Les Celtes avaient leur divinité, Ogimos, qu’ils vénéraient comme le dieu de la parole et il y avait aussi Lug, la divinité du soleil en tant que créateur des arts, de la parole et de la musique.

Lorsque Lug jouait une chanson joyeuse, les oiseaux se mettaient à chanter comme s’il était tôt le matin et les fleurs ouvraient leurs pétales. En revanche, lorsqu’il jouait la musique de la souffrance, les dieux inclinaient la tête avec tristesse et il régnait une atmosphère de tristesse et de deuil.

Il faut garder à l’esprit que l’état de conscience des bardes celtiques du passé était donc complètement différent de la conscience actuelle de l’homme moderne.
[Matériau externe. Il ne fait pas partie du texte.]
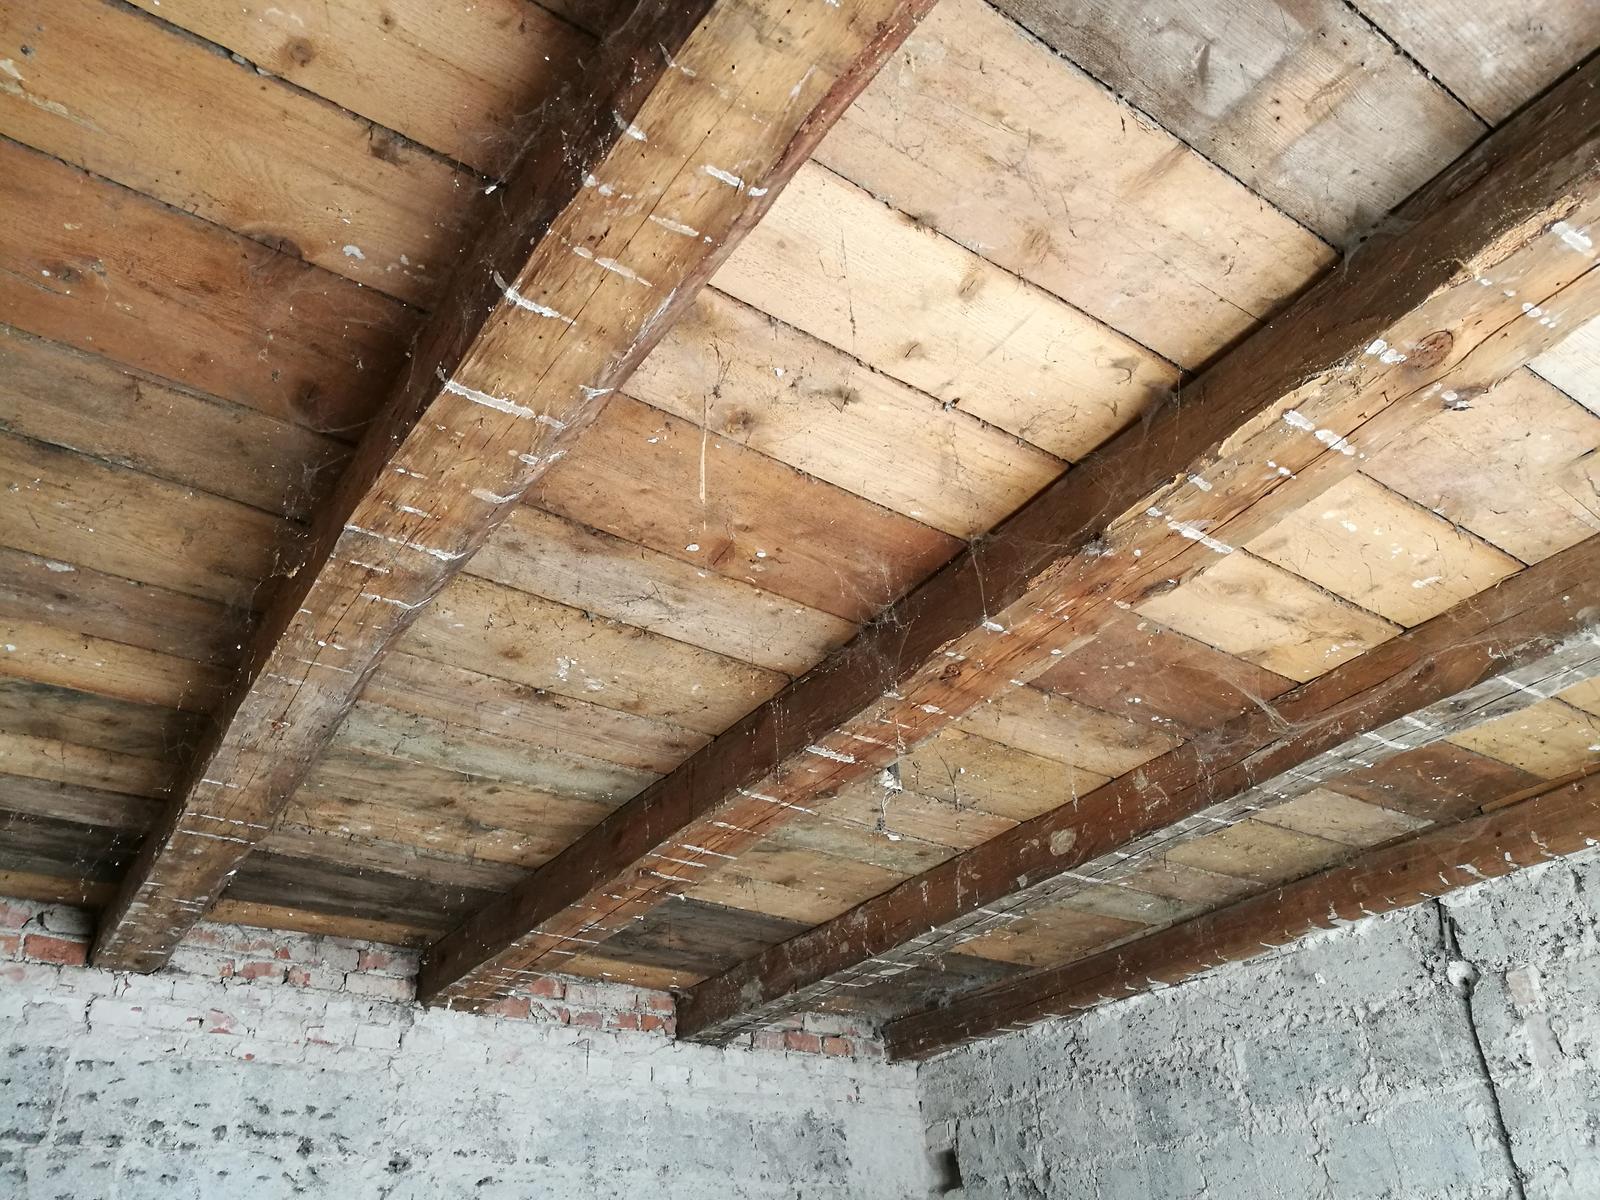 Náš budúci domov - rekonštrukcia rodinného domu - Trámy v dobrom stave, ešte použijeme

À notre époque matérialiste, la conscience est loin d’être aussi sensible que lorsque les gens avaient encore une certaine clairvoyance.

Pourtant, à notre époque, l’homme peut aussi connaître une évolution qui rend à la voix son pouvoir magique.

Normalement, la parole n’est qu’une activité cristallisée de l’âme. En la prononçant, la vérité qui vit dans l’âme est, pour ainsi dire, un peu affaiblie, cristallisée dans la parole, ou plutôt un peu « tuée » ; elle prend forme et perd ainsi la force intérieure qu’elle possédait encore en tant qu’état d’esprit. Rudolf Steiner décrit le processus de la parole comme suit :

« Lorsque l’on emprunte le chemin de la réalisation de soi et que l’on s’efforce ainsi de « parler vrai », on a en même temps le sentiment que cette vérité qui vit dans l’âme s’affaiblit à mesure qu’elle est prononcée. Et cela produit à son tour un sentiment d’impuissance, qui peut devenir si grand qu’on a l’impression de dire des contre-vérités ».

Nous ne trouvons la bonne relation que lorsque nous nous laissons complètement guider par le Christ en notre être.

« Ce n’est pas moi mais Christ en moi » [2] est le moyen de trouver la vérité. Les mots ne sont alors plus seulement des mouvements du larynx, comme le décrit Steiner dans une conférence, mais ils sont chargés de la puissance créatrice qui vient du Christ et qui peut avoir un effet curatif sur l’humanité.

La parole peut alors réellement devenir « vivante ». C’est dans ce contexte que résonnent les puissantes paroles d’ouverture de l’Évangile de Jean :

« Au commencement était le Verbe, et le Verbe s’est fait chair ». [3]

Bien sûr, chez les anciens Celtes, la parole exprimait aussi un récit. Par la parole, le prêtre ou le barde s’adressait au peuple et, en parlant, il évoquait des images du passé ou chantait des exploits.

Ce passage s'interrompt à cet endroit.